Bei mac.ars wünscht man sich einmal mehr den monitorlosen Consumer-Mac:

"The second thing Apple needs to do is build a Shuttle PC. Make that a Shuttle Mac. The idea is not necessarily to rip off the Shuttle wholesale, but to build something comparable: a Mac with a small form factor, a PCI and AGP slot, a 2nd 3.5" HD bay and good looks. Put a 1.25 GHz G4 processor in there, an Airport Extreme Card, a combo drive, an ATI Radeon 9200, some DDR RAM, integrated Firewire 800, gigabit Ethernet, USB 2.0, and Bluetooth and they're all set. Price it competitively and watch them go flying off the store shelves.

"Psst . . . hey Eric!  They tried that already and called it the G4 Cube."

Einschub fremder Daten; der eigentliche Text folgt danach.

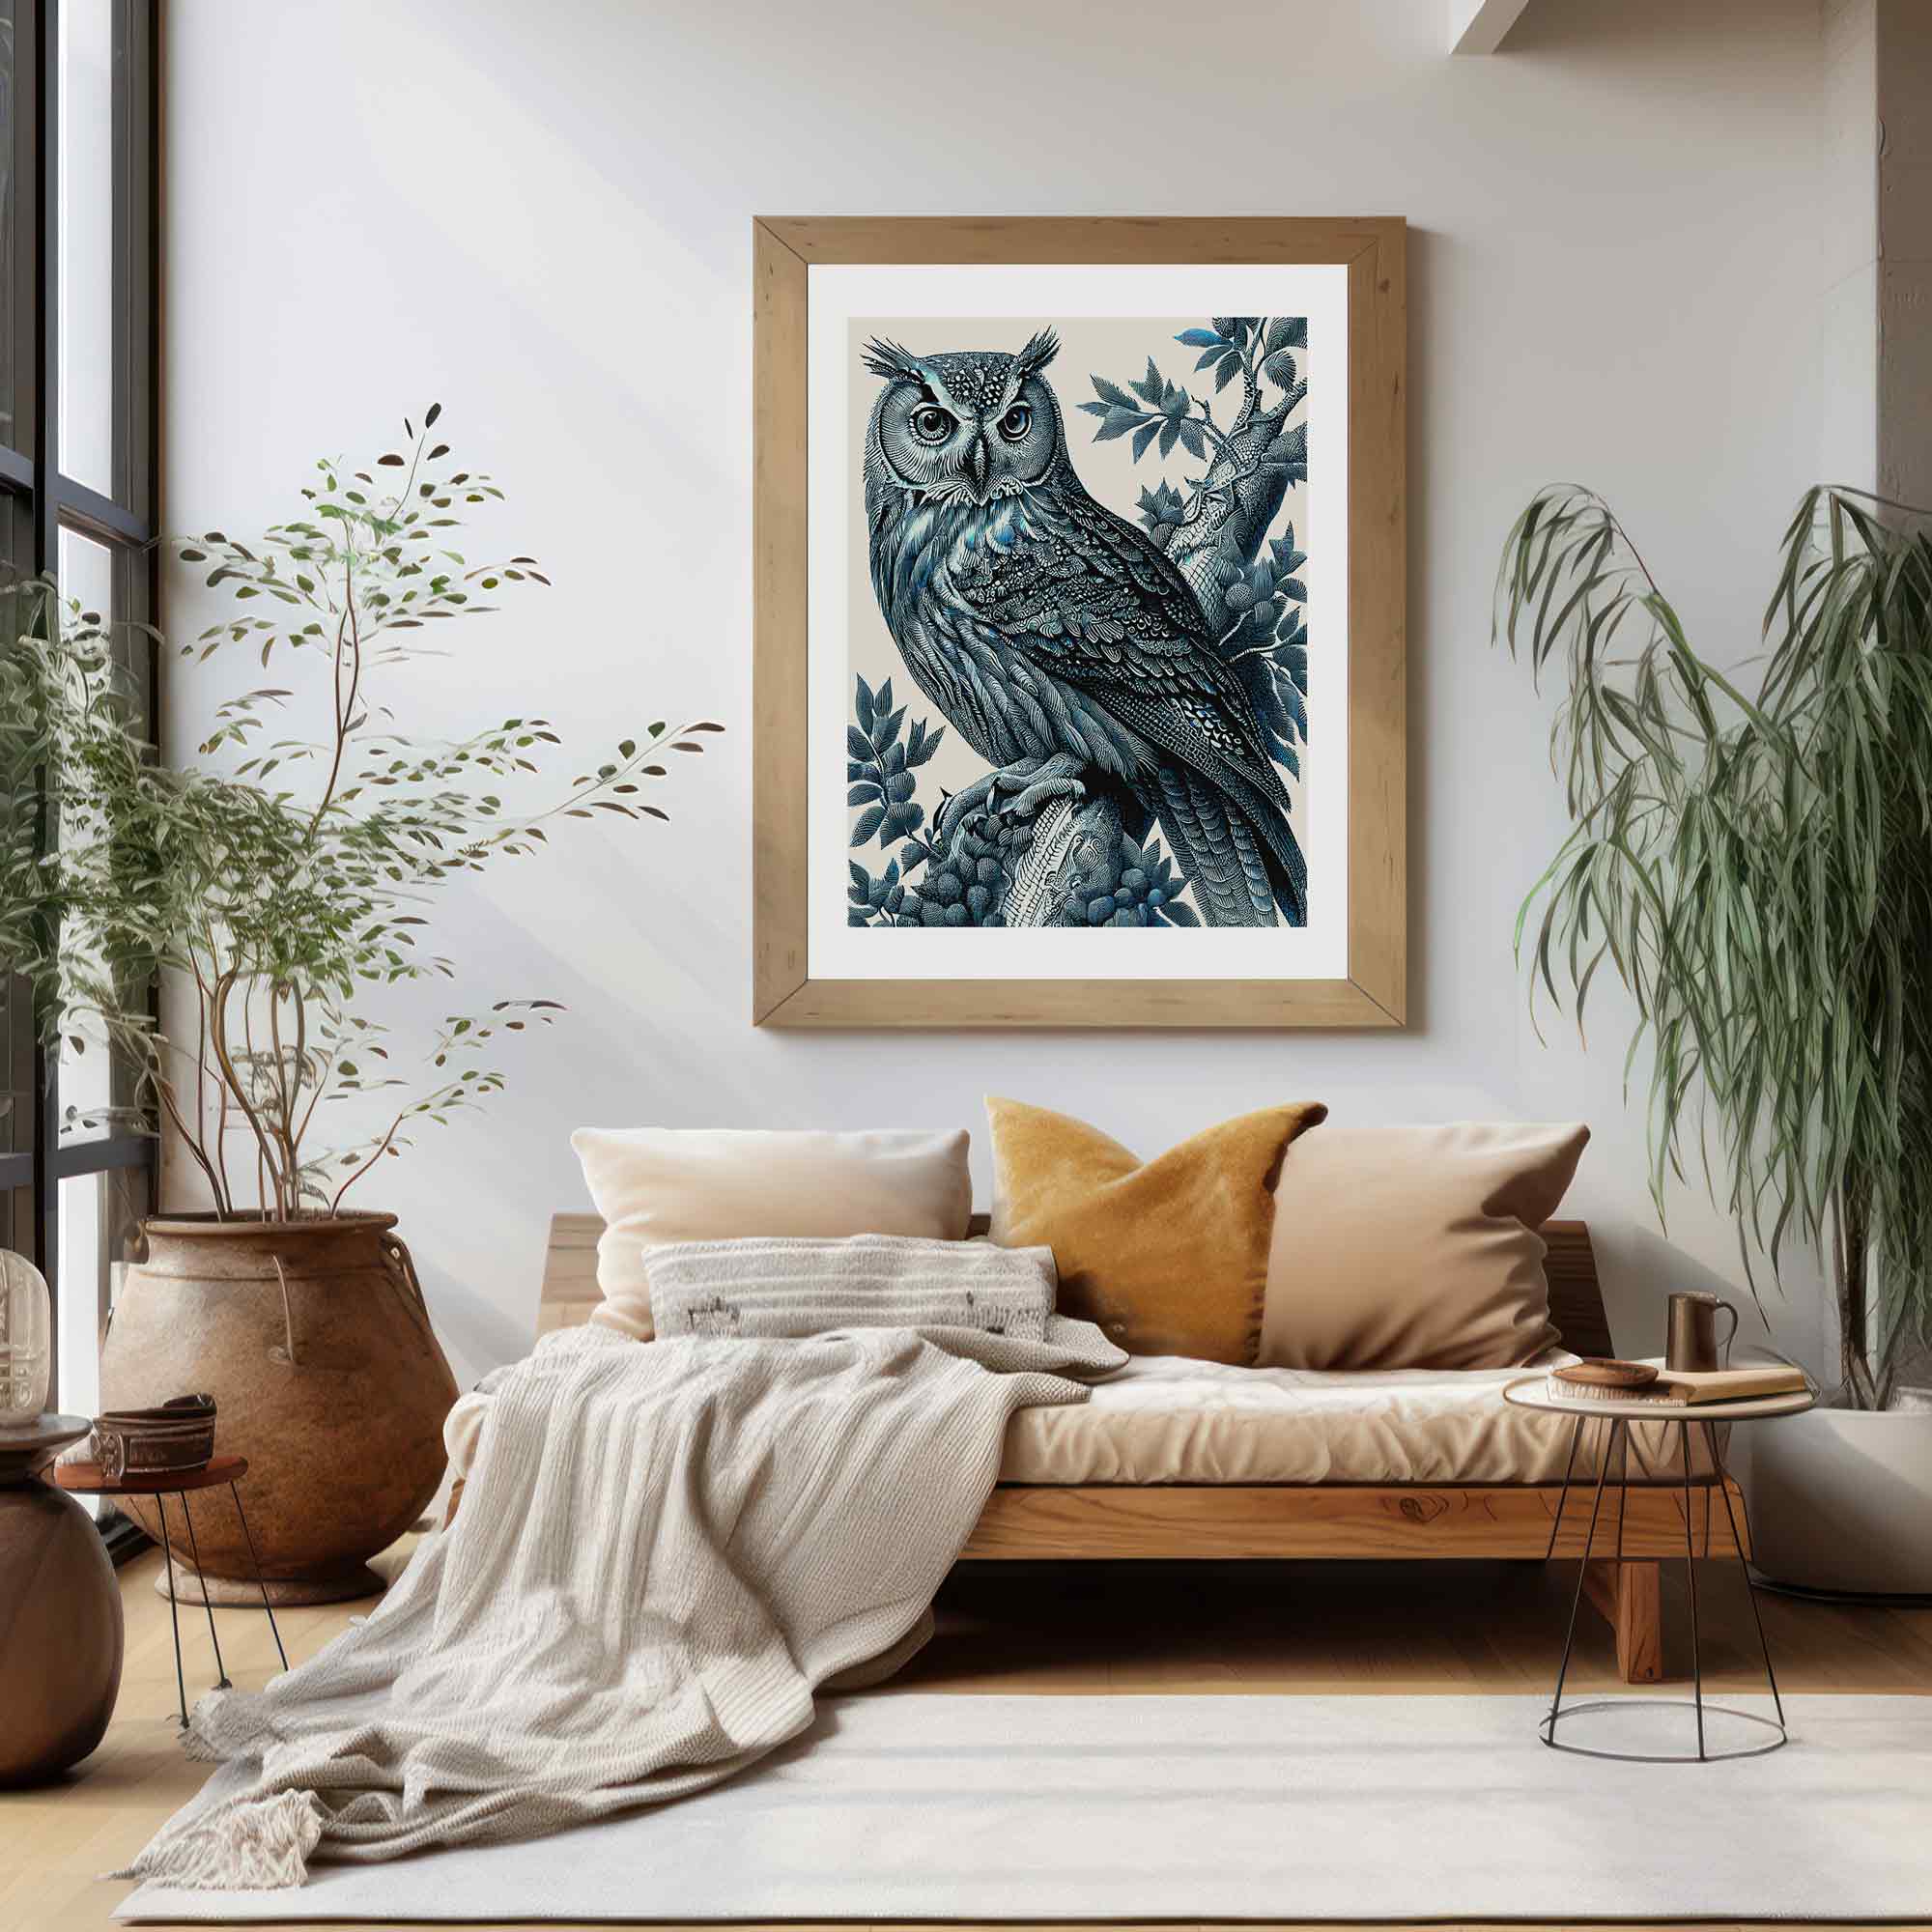 Beautiful black and blue etched style illustration of a owl in a stunning garden room

I'm not talking about another Cube. The Cube was priced much higher than the Shuttle Mac would be, and had no expansion slots (although Cubeowner.com will tell you how to upgrade the stock ATI Rage Pro 128 video card). Building an inexpensive Shuttle Mac would require a change of mindset at Apple. They would need to be willing to sacrifice margins for the sake of market share, something Apple has been reluctant to do for some time. Of course, high margins are integral to Apple's profitability. However, they have winners with the iPod and iTunes Music Store for Windows which should be able to offset enough of the revenue lost by lowering the price on a "Shuttle Mac."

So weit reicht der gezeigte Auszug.